Random effects (mixed) models are a class of models used frequently to model longitudinal data. They offer many advantages including the ability to handle different observation times across subjects and to allow non-stationary covariance structures. In these models, little time is typically spent on modelling the random effects covariance matrix. In particular, examining whether this matrix is the same for all subjects or whether it differs depending on subject-specific characteristics is often neglected in the modelling. For discrete longitudinal data modelled using generalized linear mixed models, ignoring this heterogeneity can result in biased estimates of the fixed effects . For continuous longitudinal data, which will be our focus here, the standard errors for the fixed and random effects, and consequently, inferences, will be incorrect, the random effects will not be shrunk correctly, and prediction of subject-specific trajectories can be poor. In addition, incorrectly modelling the covariance structure in the presence of missing data can result in biased estimates of fixed effects.

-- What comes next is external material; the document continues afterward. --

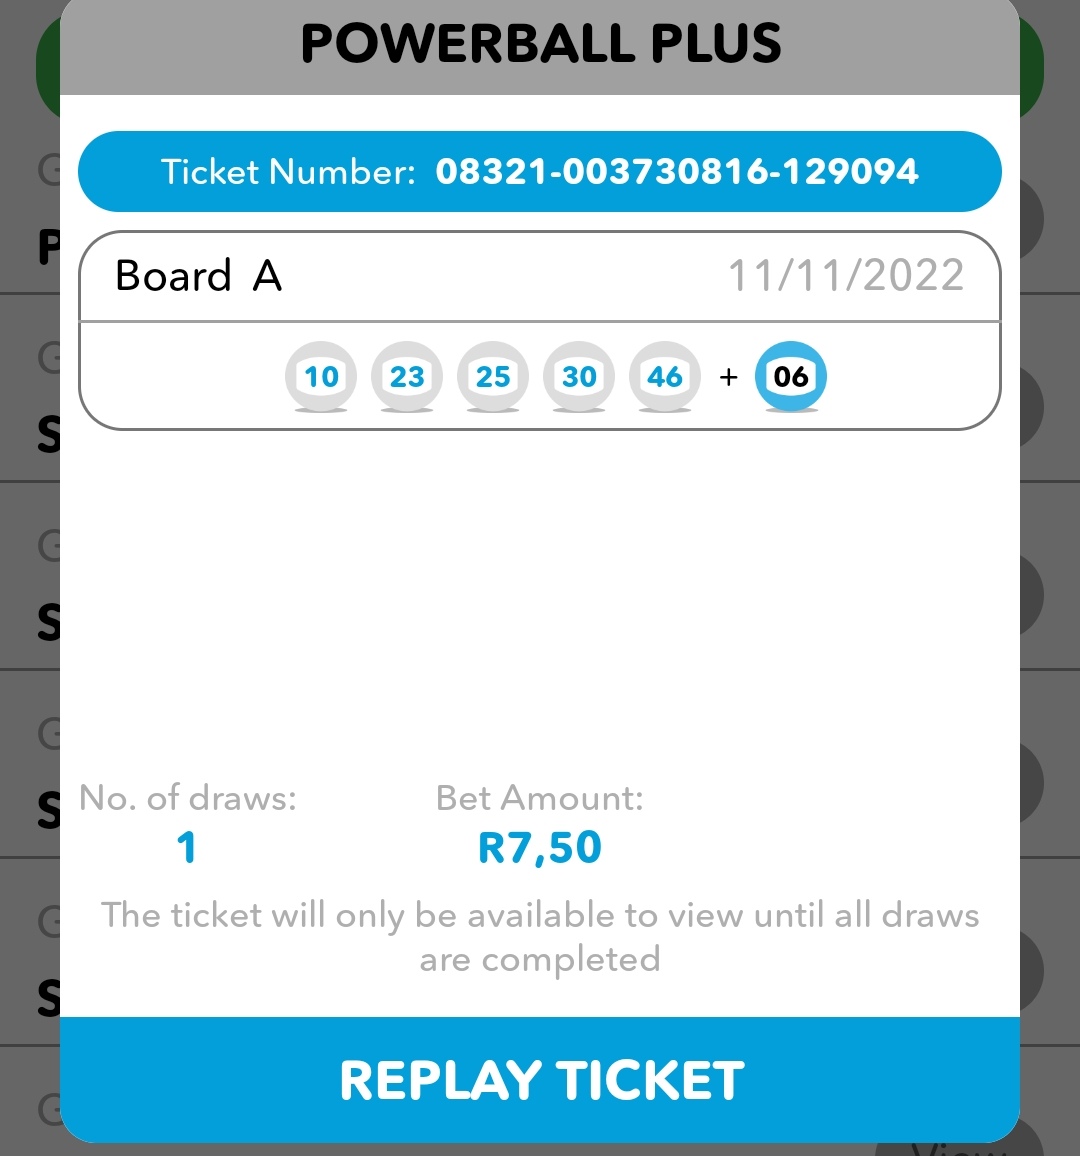 RT @StylesMabuza: @Just_Lungile @tymebankza Played your numbers on powerball, if they come out, DM me https://t.co/hNX5SMkpzA

Accounting for heterogeneity in covariance matrices has recently been discussed by several authors. In marginal models, Chiu et al.,  model the covariance matrix using a log matrix parameterization and obtain estimates using estimating equations. In non-linear mixed models, heterogeneous covariance structures are frequently used, but typically with variance a function of the mean and constant correlations across subjects . Pourahmadi and Daniels  develop a class of models they call dynamic conditionally linear mixed models in which the marginal covariance matrix is allowed to vary across individuals, but they consider the random effects covariance matrix to be constant across subjects. In the context of linear mixed models, Lin et al.,  examined heterogeneity in the within-individual variances in linear mixed models and Zhang and Weiss  discussed heterogeneity in the random effects covariance matrix but mainly consider models that allow the entire matrix to differ by a multiplicative factor. Little work has been done on modelling the entire random effects covariance matrix.
Here, we propose an approach that allows all the parameters of the random effects covariance matrix to be modelled, not just the variances. Specifically, we will model the parameters that result from a modified Cholesky decomposition of the covariance matrix (this decomposition has also been called a modified Gaussian ). This decomposition has been used previously to model the marginal covariance matrix of longitudinal observations on a subject [4, 8–10]. This decomposition results in parameters that can be easily modelled without concern of the resulting estimator being positive definite, have nice interpretations, and allow for relatively easy model fitting (sampling from the posterior distribution). Some discussion of interpretation in the context of modelling the random effects covariance matrix will be given in Section 2.
We reanalyse a data set previously discussed in Pourahmadi and Daniels . The data was from a series of five depression studies conducted in Pittsburgh from 1982–1992 . Patients were assigned one of two active treatments and measured at baseline and then weekly for 16-weeks. Here, we examine the rate of improvement of, and dependence in, weekly depression scores over this 16-week period for the 549 subjects with no missing baseline covariates. Previous work investigated the time to recovery from depression  and examined the rate of improvement in depression scores with a different class of models than those proposed here .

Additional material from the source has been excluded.